Fixed vs Variable Costs of Hospital Care

Author Affiliations

Margaret A.WinkerMD, Deputy EditorIndividualAuthorPhil B.FontanarosaMD, Interim CoeditorIndividualAuthor

JAMA. 1999;282(7):630. doi:10-1001/pubs.JAMA-ISSN-0098-7484-282-7-jbk0818

To the Editor: Dr Roberts and colleagues1 provide great detail about the importance of developing a sound method for capturing and analyzing the clinical costs of care.
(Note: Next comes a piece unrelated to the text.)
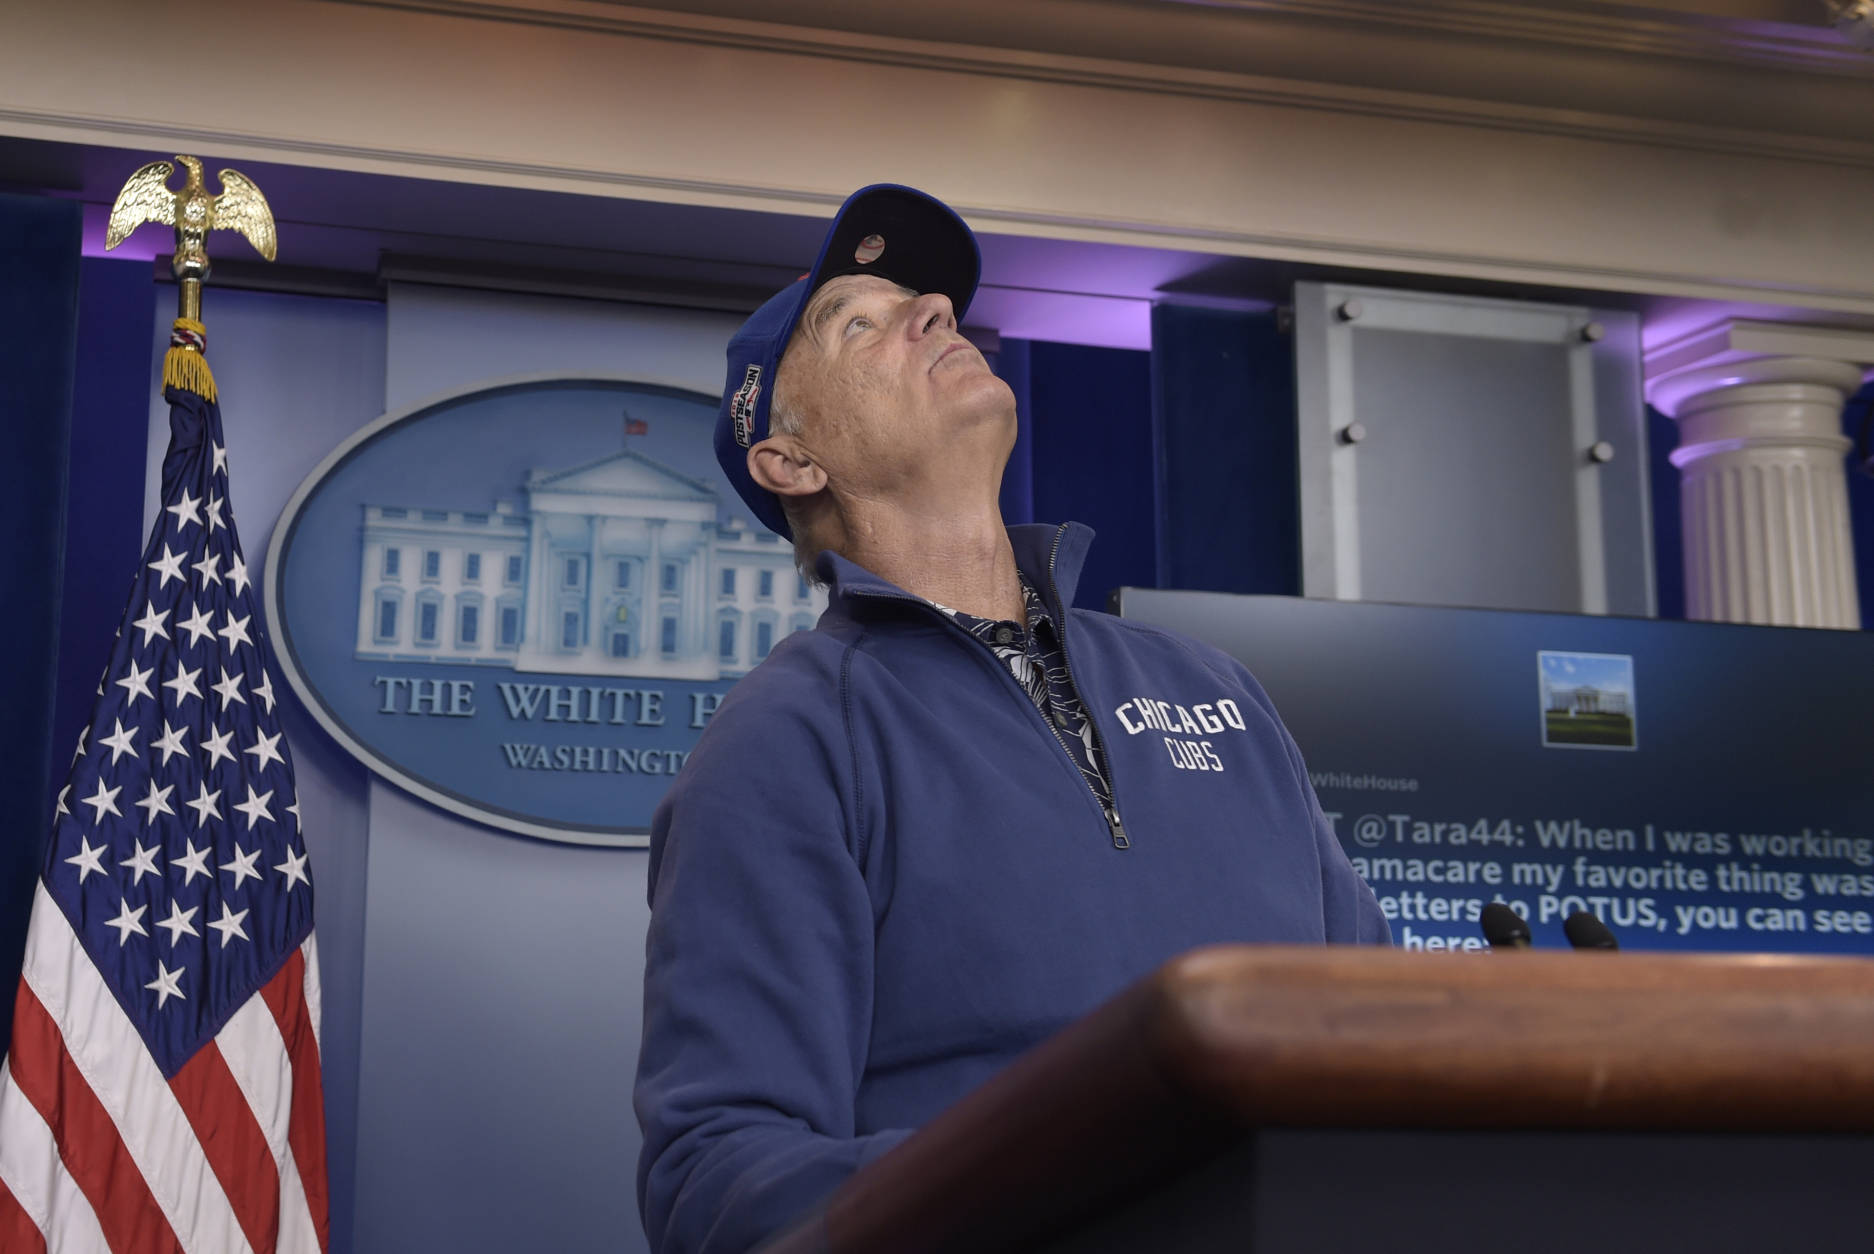 Actor Bill Murray visits the White House briefing room in Washington, Friday, Oct. 21, 2016. Murray is in Washington to receive the Mark Twain Prize for American Humor. (AP Photo/Susan Walsh)

Having just published an article on the importance of taking into account both the direct and indirect cost and benefits of performance improvement activities,2 I can verify that having a consistent method for allocating costs is the first crucial step in being able to measure the value of services rendered. On the negative side, I disagree with the authors as to the limited value of active medical resource management. While I agree that the bulk of the costs are in operational overhead, most of these costs are related to labor (and in particular nursing labor) and supplies.3 In our own institutions, programs designed to improve resource use are approached from a multidisciplinary perspective. While administrators reinforce effective use from the clinician's point of view, at the same time we also reinforce improvements in process flow, productivity, and other systemwide enhancements that maximize efficiencies in labor use and supply management that have had a significant impact on the bottom line. Programs that approach resource management from such a systemwide commitment are able to take much of the fix out of the purportedly fixed costs.